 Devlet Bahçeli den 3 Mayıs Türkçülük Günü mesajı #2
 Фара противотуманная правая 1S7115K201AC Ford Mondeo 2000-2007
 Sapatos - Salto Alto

########################################

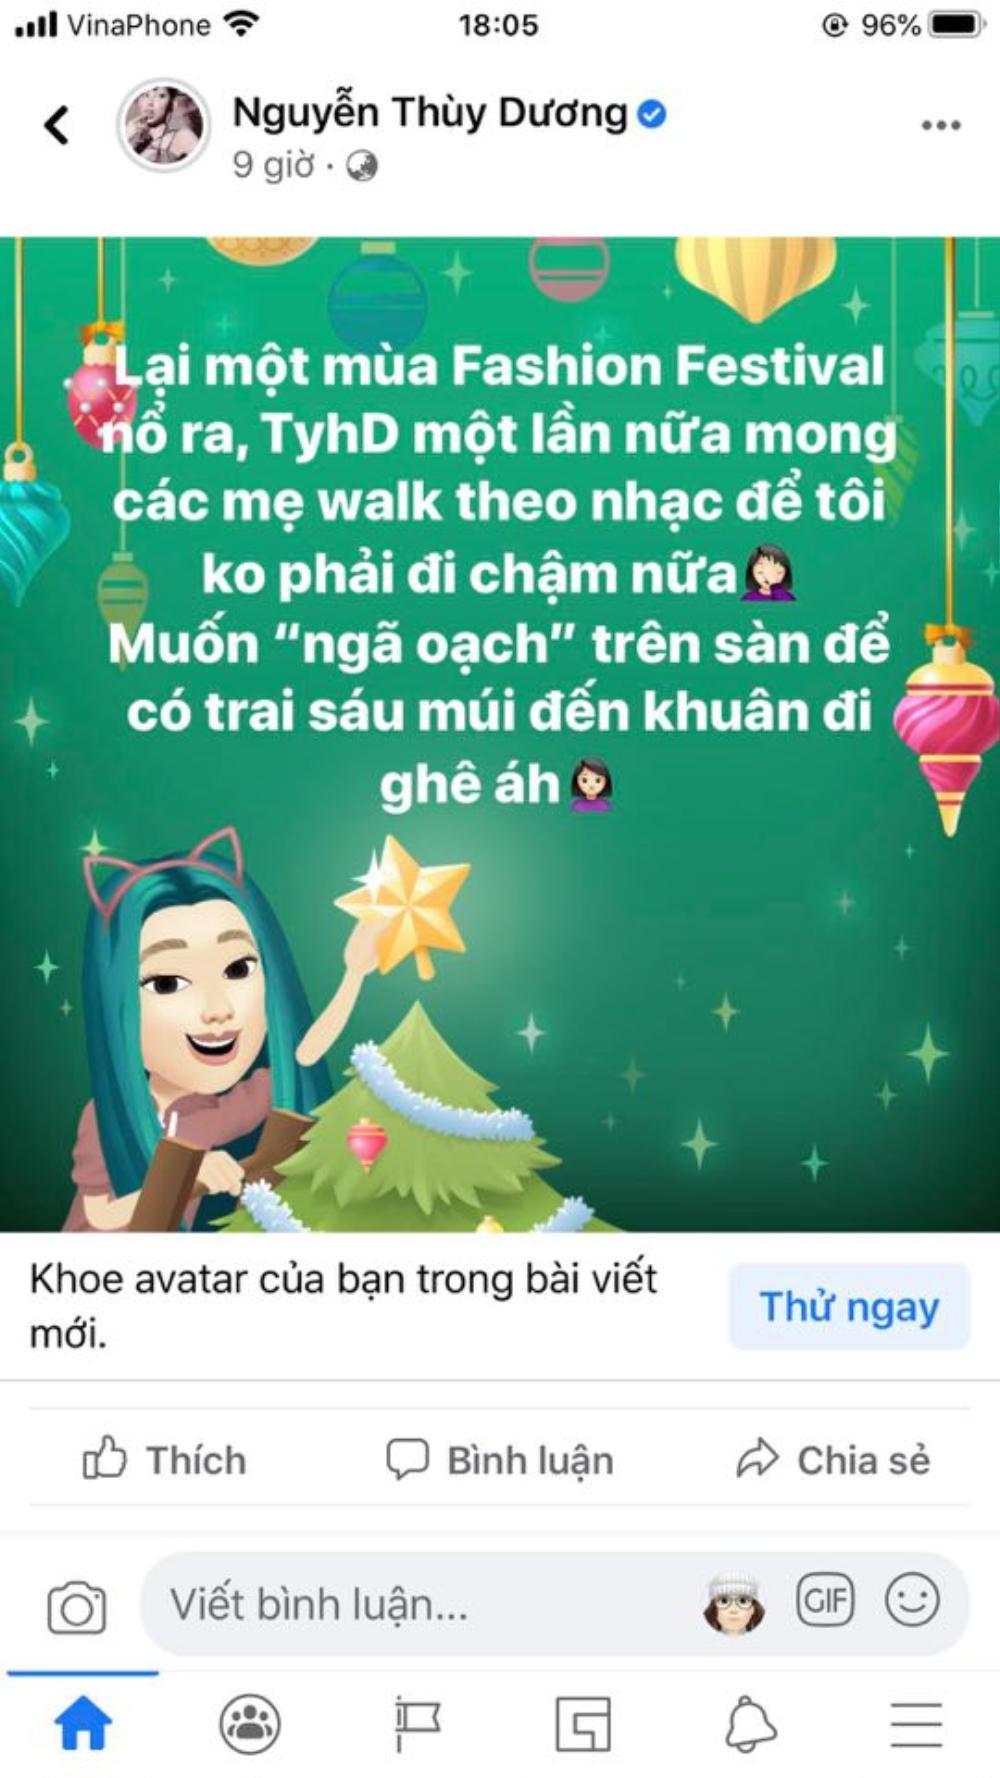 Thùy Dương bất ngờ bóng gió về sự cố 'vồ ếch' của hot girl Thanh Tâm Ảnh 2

########################################

TASK DESCRIPTION – Within the data above, the lines from the one with "Фара противотуманная правая" to the one with "Sapatos - Salto Alto" must be repeated exactly; no other line belongs in the answer.

TASK OUTPUT –
 Фара противотуманная правая 1S7115K201AC Ford Mondeo 2000-2007
 Sapatos - Salto Alto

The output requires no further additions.